Abstract
Conventional perforating systems exhibit a distribution of perforation entry hole diameters around the circumference of the casing, when the system is decentralized within the wellbore. In the case of horizontal, limited entry, cluster style perforating operations the perforating system normally lies along the bottom of the casing. When hydraulically fracturing these intervals, perforation efficiency is difficult to predict since the entry hole diameters and perforation penetrations are not definitive.

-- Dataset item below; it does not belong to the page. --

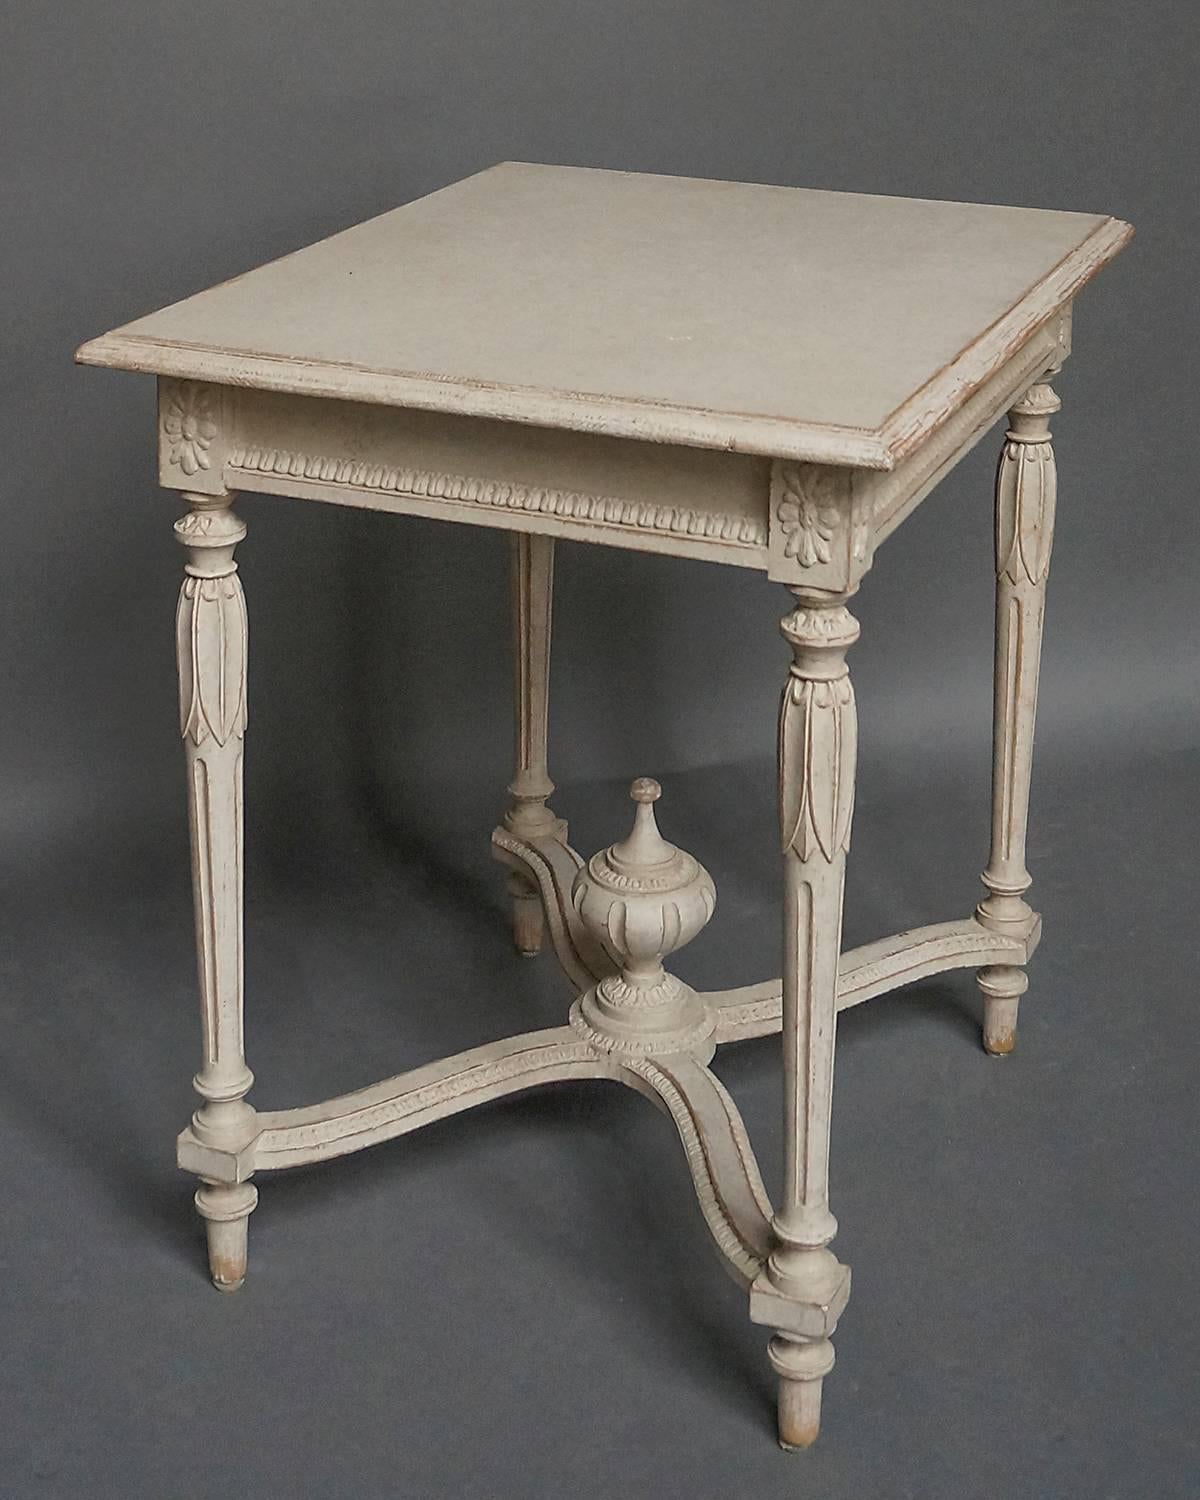 Swedish neoclassical style side table, circa 1900, with exceptional detail. Shaped top with lambs tongue detail on the apron. Applied floral detail on the corner blocks above turned and reeded legs with lotus leaves circling the top. At the center

A perforating system has been developed which provides a consistent entrance hole diameter and formation penetration independent of the clearance between the perforating carrier and casing. The system has been engineered to provide optimal perforation placement and to ensure that every perforation is the same regardless of circumferential position. The system provides a somewhat shallower penetration depth than conventional charges but some data suggests that depth of penetration may not significantly impact unconventional fracturing operations.
The system has been field tested in well over 5000 stages in a variety of unconventional resource field applications. Direct comparisons with conventional perforating systems show improved perforation efficiency as observed through step rate test analysis conducted during hydraulic fracturing operations.
Case studies are presented which illustrate the impact of having all perforations with a consistent penetration and constant entry hole diameter. With each individual perforation configured identically, no one perforation can dominate during hydraulic fracturing operations, and as a result more perforations may contribute to fracture development.